As Salsa says - thin bladed screwdriver under the pad and lever it out.

Soapy solution works for me to push a new pad in. They are directional btw.

As for the chains - just buy a KMC link.


----------



## oldroadie_nc (Mar 10, 2011)

It really isn't that hard to do. Prying the old pad from the carrier is quick and simple with a flat screwdriver. I use dish soap to lube up the new pad and then push them into place. You might need a mallet to fully seat the pad by tapping the pad while holding the carrier against a solid surface, or hold the pad against the surface and tap the carrier (either way use a rag to protect the carrier). Should only take you 15 minutes to complete the job.

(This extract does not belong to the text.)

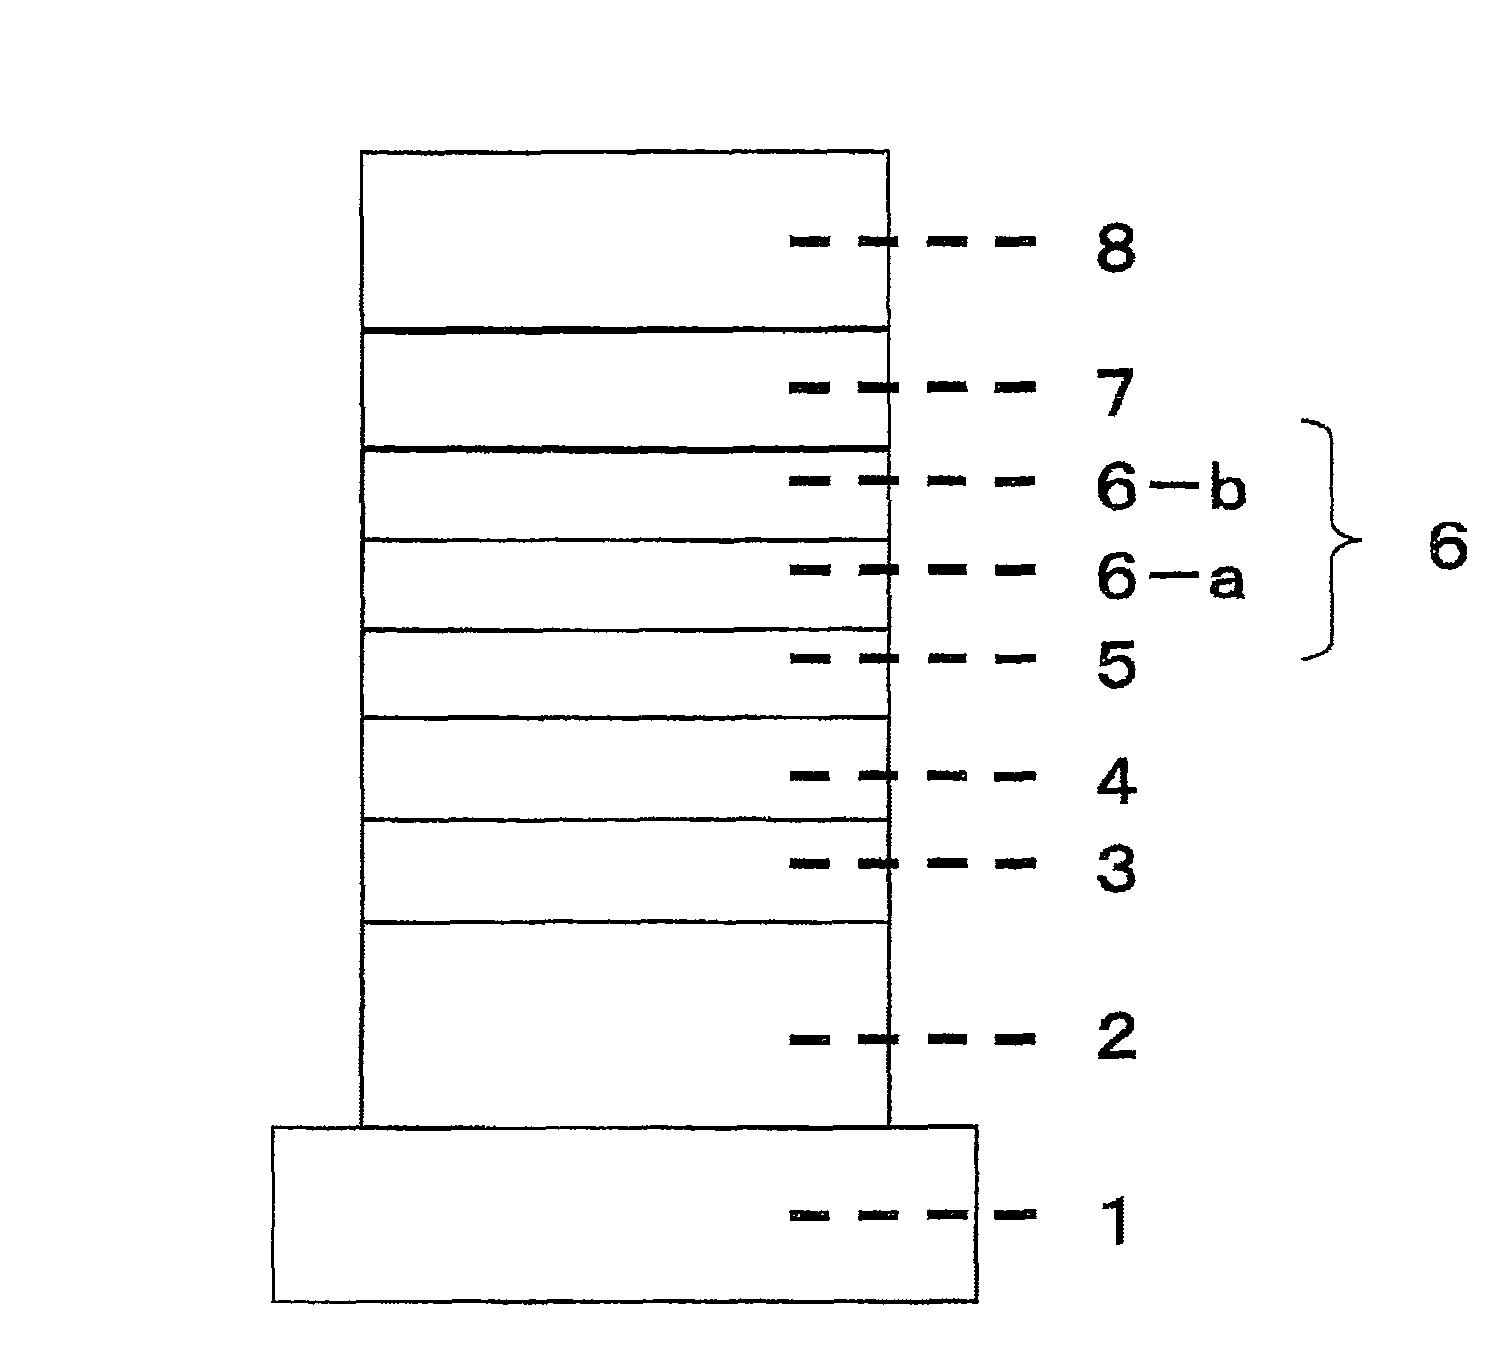 Organic electroluminescent device comprising a first electron-transporting layer and a second electron-transporting layer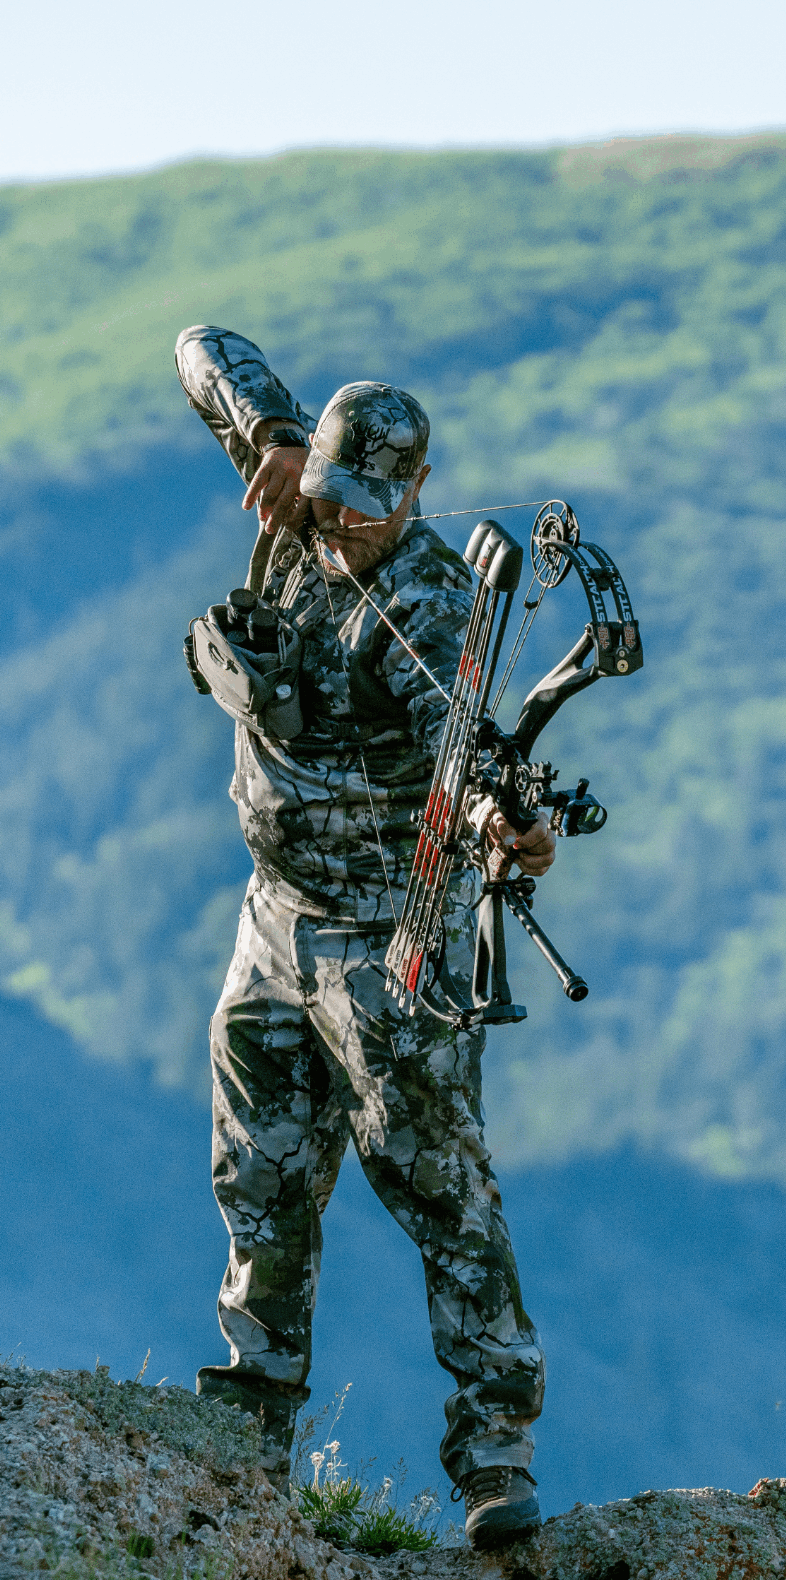 Camouflage Clothing and Hunting Gear

Though it sounds like it's too late, you didn't need to buy the Campy chain tool; just use a regular chain tool and a KMC 11-spd quick link. Works just fine.

Give Campy a chance. Compared to Shimano, it will make you much faster and more appealing to the opposite sex!


----------



## Fignon's Barber (Mar 2, 2004)

Easiest way to remove a spent Campag brakepad: take a pair of small wire cutters and take a couple big chomps out of the center of pad. The pad will break into pieces and simply pick the pieces out. Takes less than 30 seconds. Then slide the new pads in. The newer campag brake shoes with the spring holder are much easier to install/remove pads. 
The only problem with the new style campy brake shoes is that you have to use campy pads (as they have the slot machined into them to accommodate the sping mech). This limits your pad choices if you use carbon rims, so I use Jagwire shoes that match Record brakes perfectly.


----------



## pmf (Feb 23, 2004)

oldroadie_nc said:


> It really isn't that hard to do. Prying the old pad from the carrier is quick and simple with a flat screwdriver. I use dish soap to lube up the new pad and then push them into place. You might need a mallet to fully seat the pad by tapping the pad while holding the carrier against a solid surface, or hold the pad against the surface and tap the carrier (either way use a rag to protect the carrier). Should only take you 15 minutes to complete the job.
> 
> Though it sounds like it's too late, you didn't need to buy the Campy chain tool; just use a regular chain tool and a KMC 11-spd quick link. Works just fine.
> 
> Give Campy a chance. Compared to Shimano, it will make you much faster and more appealing to the opposite sex!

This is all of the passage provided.